WORK TASK:
Given the records underneath, please repeat exactly the lines from the line with "babyliss blue hair clippers" through the line with "Enjoy a vacation", passing over any picture.

RECORD EXCERPTS:
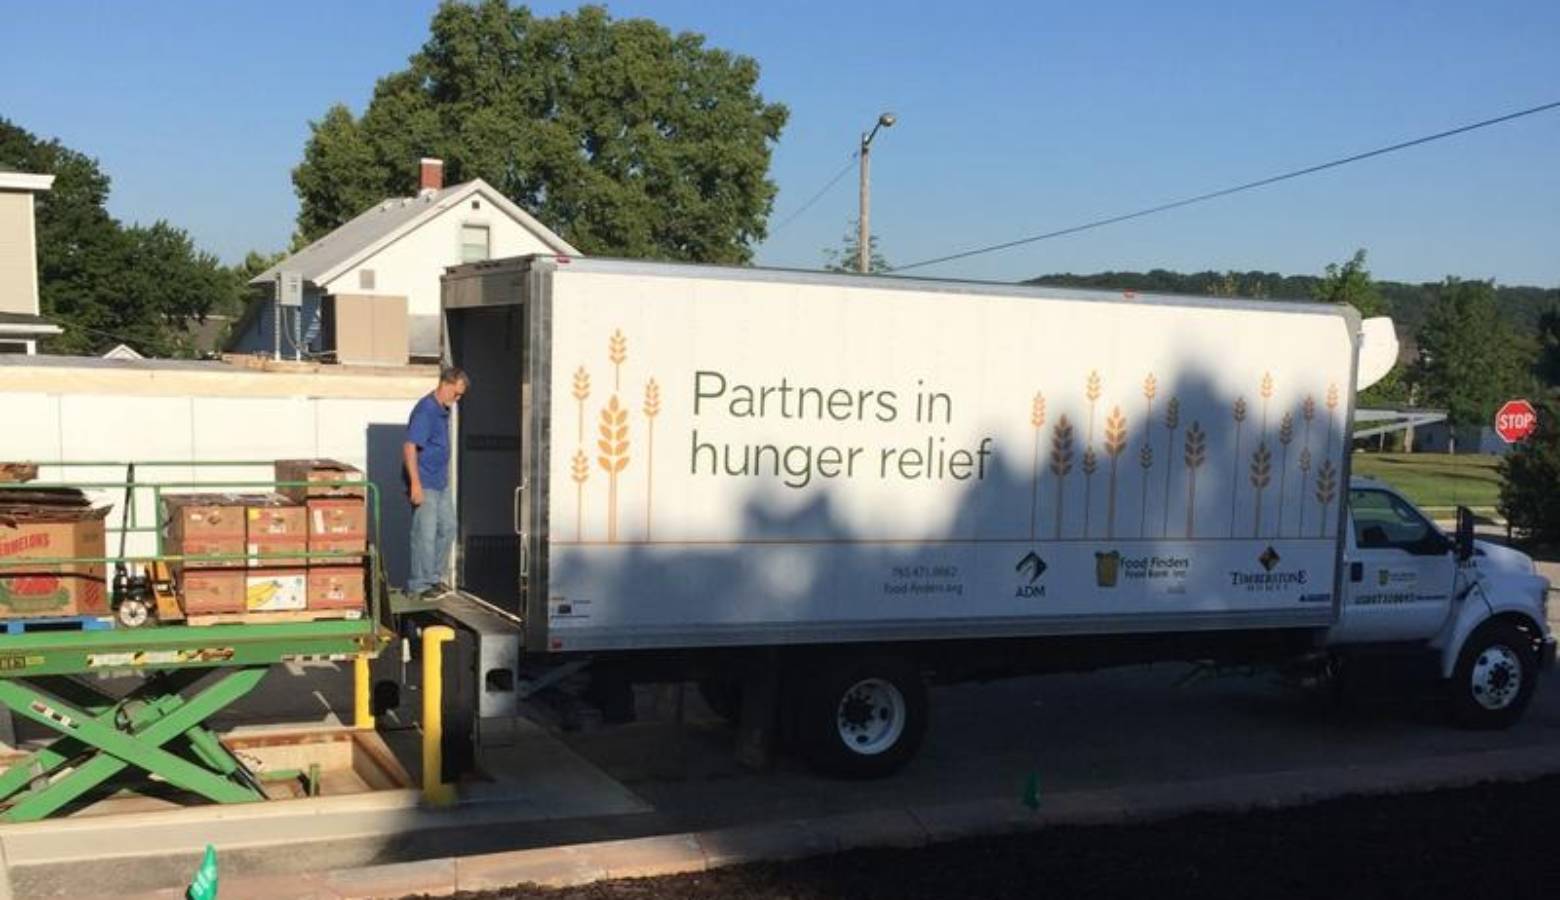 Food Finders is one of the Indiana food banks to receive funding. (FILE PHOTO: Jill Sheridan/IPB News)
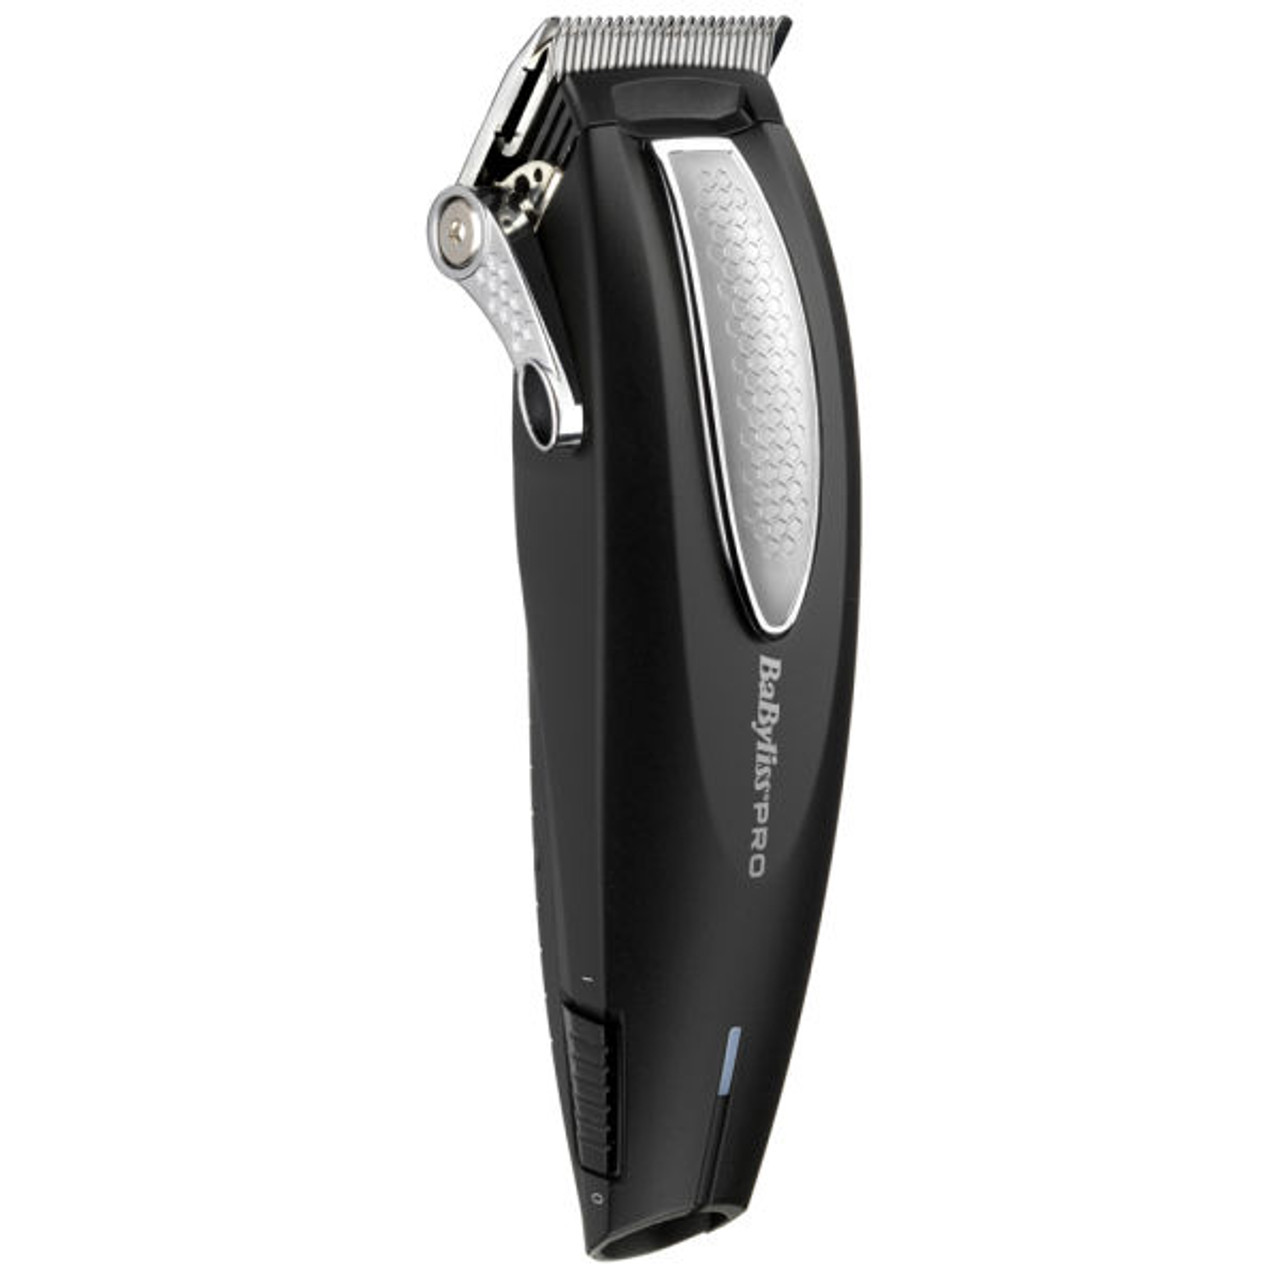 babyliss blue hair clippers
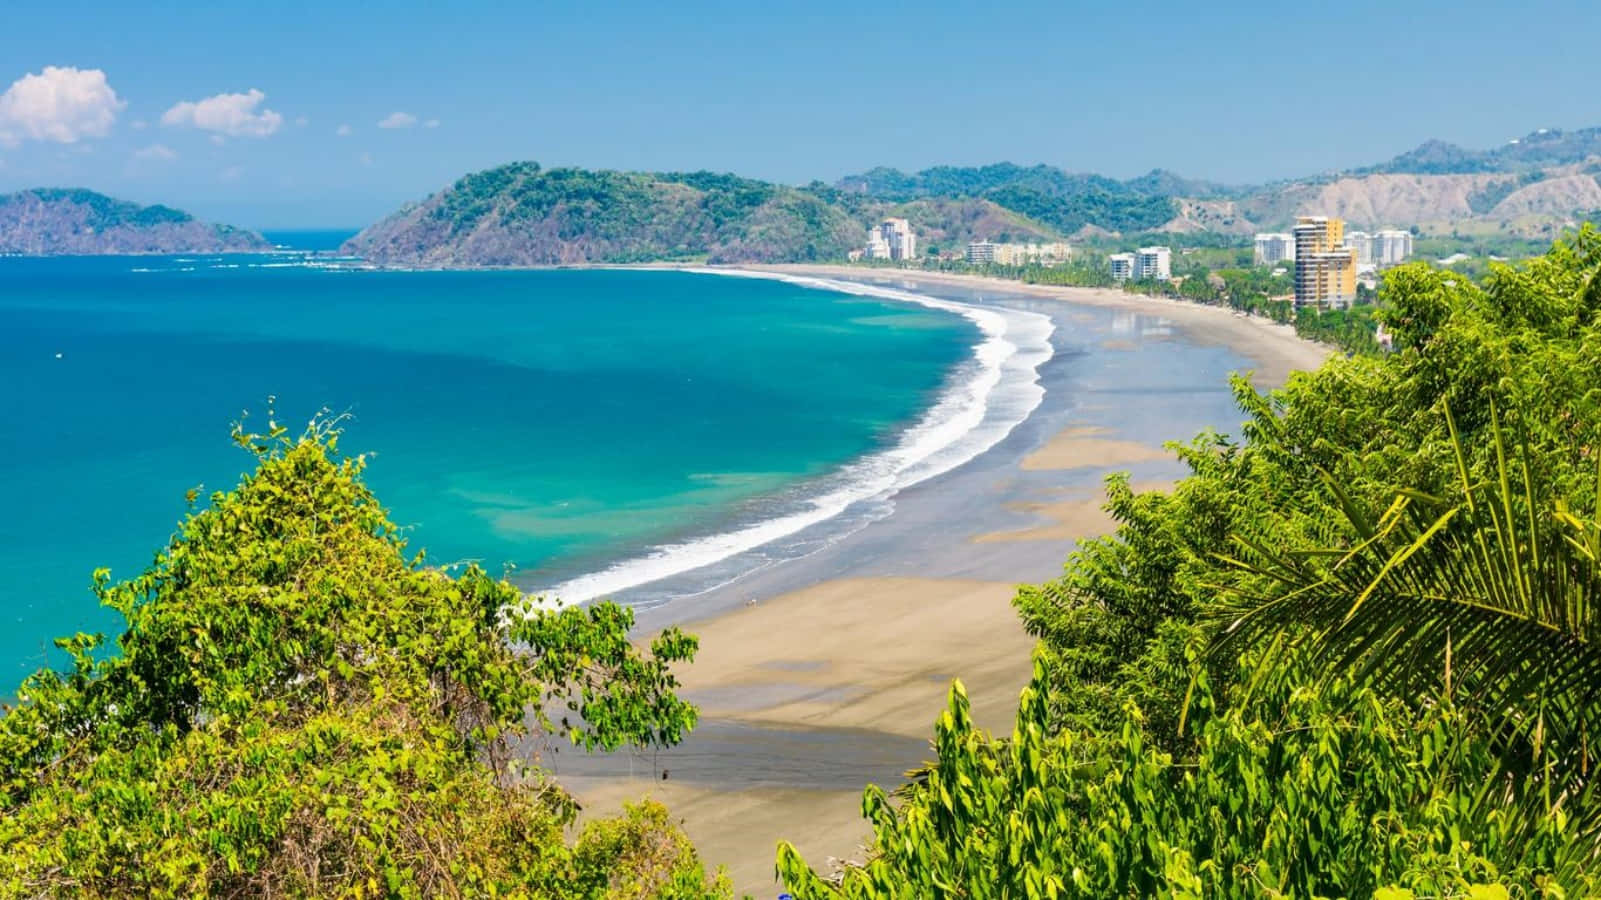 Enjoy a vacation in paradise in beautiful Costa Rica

==

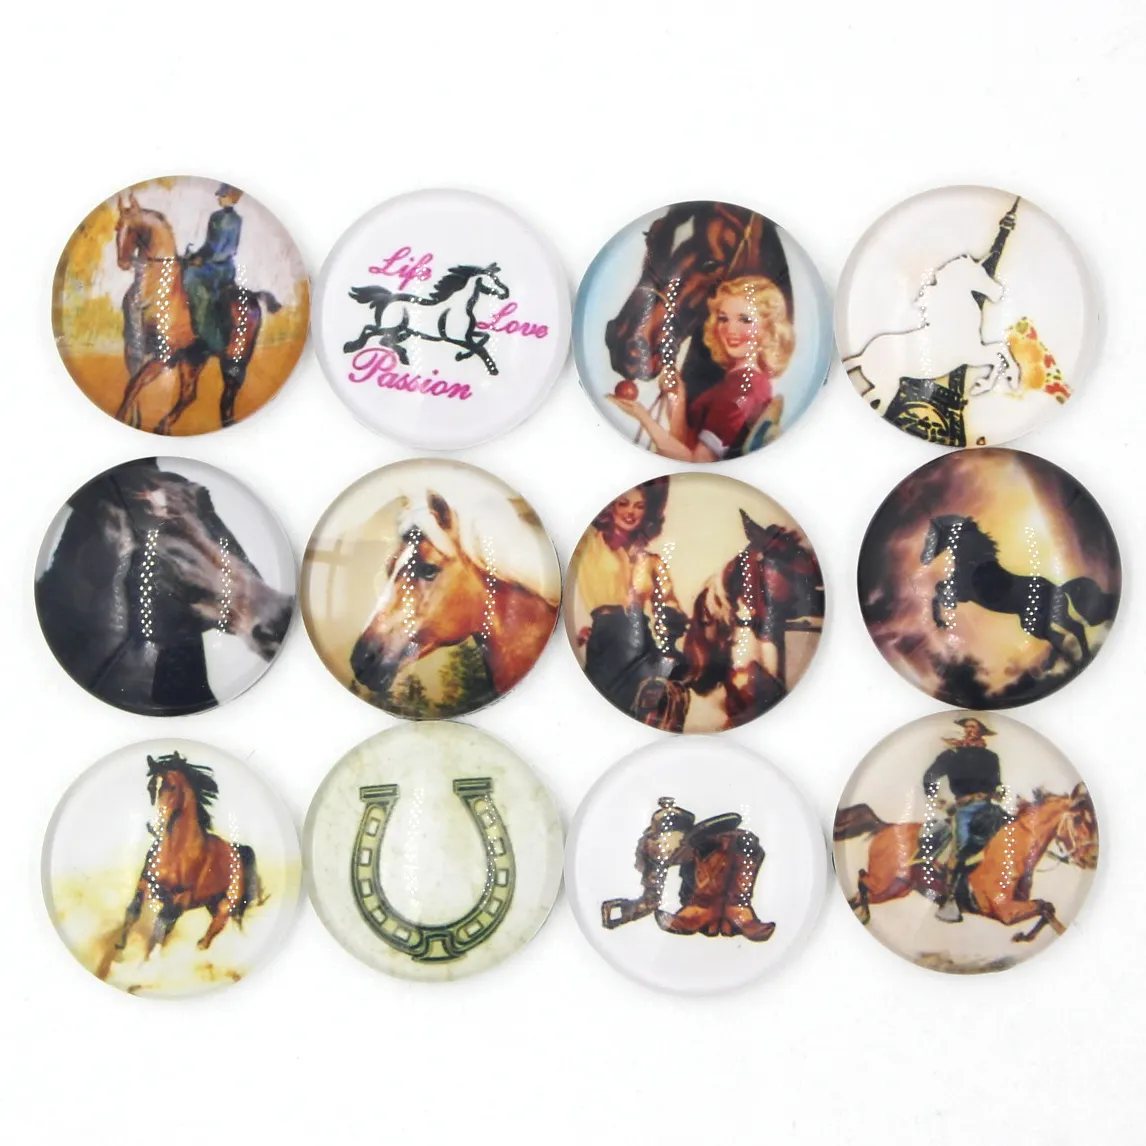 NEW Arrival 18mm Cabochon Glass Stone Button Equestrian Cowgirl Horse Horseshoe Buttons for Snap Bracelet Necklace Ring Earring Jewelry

---

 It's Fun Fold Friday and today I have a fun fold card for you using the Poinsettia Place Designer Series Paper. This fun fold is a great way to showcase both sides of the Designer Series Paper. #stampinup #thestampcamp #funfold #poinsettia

ANSWER BOX:
 babyliss blue hair clippers
 Enjoy a vacation in paradise in beautiful Costa Rica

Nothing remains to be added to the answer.